The new Title IX regulations that roll back due process rights for accused students and require institutions to adopt further policies supporting gender identity (“trans”) matters have been temporarily halted in ten states. This comes as the result of two federal court orders:

  • A June 13th injunction by Judge Terry Doughty in U.S. District Court for the District of Louisiana. This order affects the states of LA, MS, MT, and ID.
  • A June 17th injunction by Judge Danny Reeves in U.S. District Court for the Eastern District of Kentucky. This order is limited to TN, KY, OH, IN, VA, and WV.

These injunctions apply to the regulations in their entirety as opposed to specific sections. Numerous subsections of the regulations contained “severability clauses” that claimed they would not be affected if other sections were “held invalid” by the courts. Judge Danny Reeves disagreed, holding that such severability clauses have “little impact on the Court’s analysis because the impermissible definition of ‘discrimination on the basis of sex’ in 34 C.F.R. § 106.10 permeates the remaining regulations.”

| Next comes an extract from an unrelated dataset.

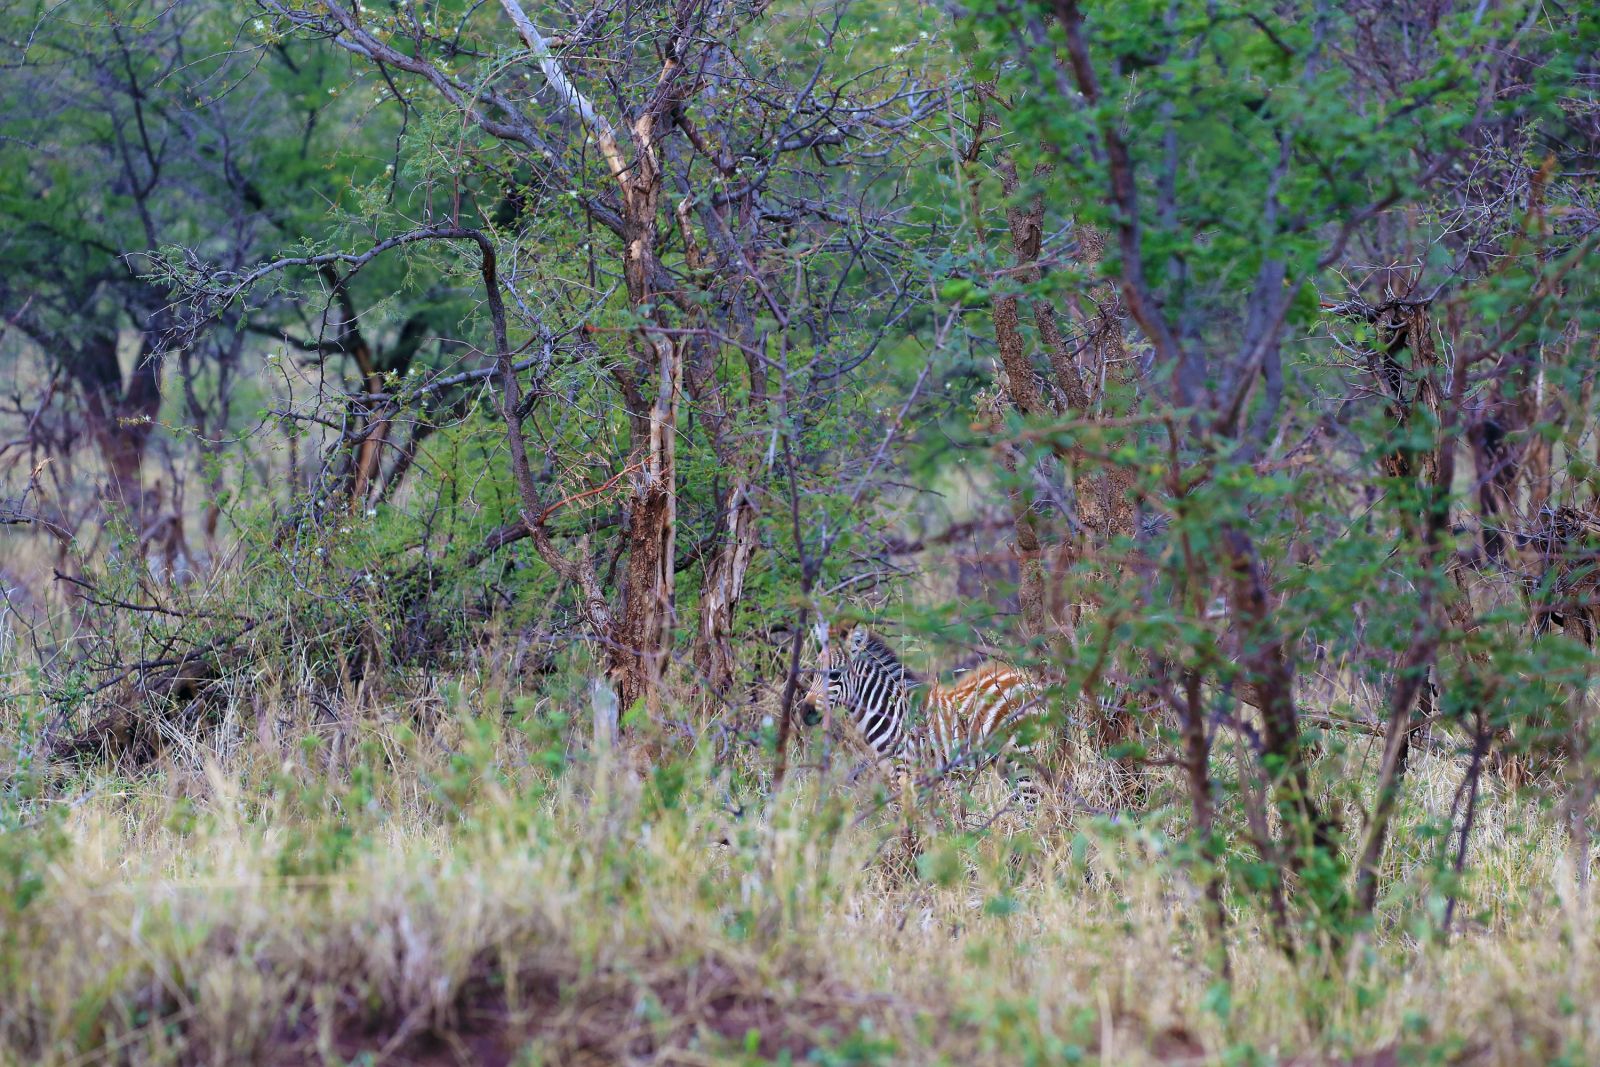 Gut versteckt bringt Sicherheit. Hier ein junges Zebra mitten im Gestrüpp. Solche Aufnahmen muss man mit manueler Focuseinstellung aufnehmen, um diesen Effekt erzielen zu können. Manchmal braucht es mehrere Versuche, bis die Schärfe dann doch richtig sitz

The Biden administration has challenged both injunctions by appealing them to the Sixth and Fifth Circuit appellate courts. It has also filed motions to stay the effects of the injunctions until the appeals are resolved. As of this morning, neither judge has issued an order granting either motion.

If the Biden administration is successful in its motion for a stay, then the regulations will go into effect on August 1 in all 50 states – assuming other courts do not block them. If it is unsuccessful, it is more likely that the appeals will not be resolved before August and the regulations will only go into effect in 40 states – again, assuming other courts do not block them.

It is noteworthy that the Trump-era Title IX regulations that provided greater due process to accused students survived five out of five federal court challenges while the Biden regulations now have multiple adverse rulings. Of course, the plaintiffs challenging the Biden regulations filed in courts likely to produce a favorable ruling, but so did those who challenged the Trump regulations; their lawsuits were filed in the Northern District of California, the District of Massachusetts, and the Southern District of New York.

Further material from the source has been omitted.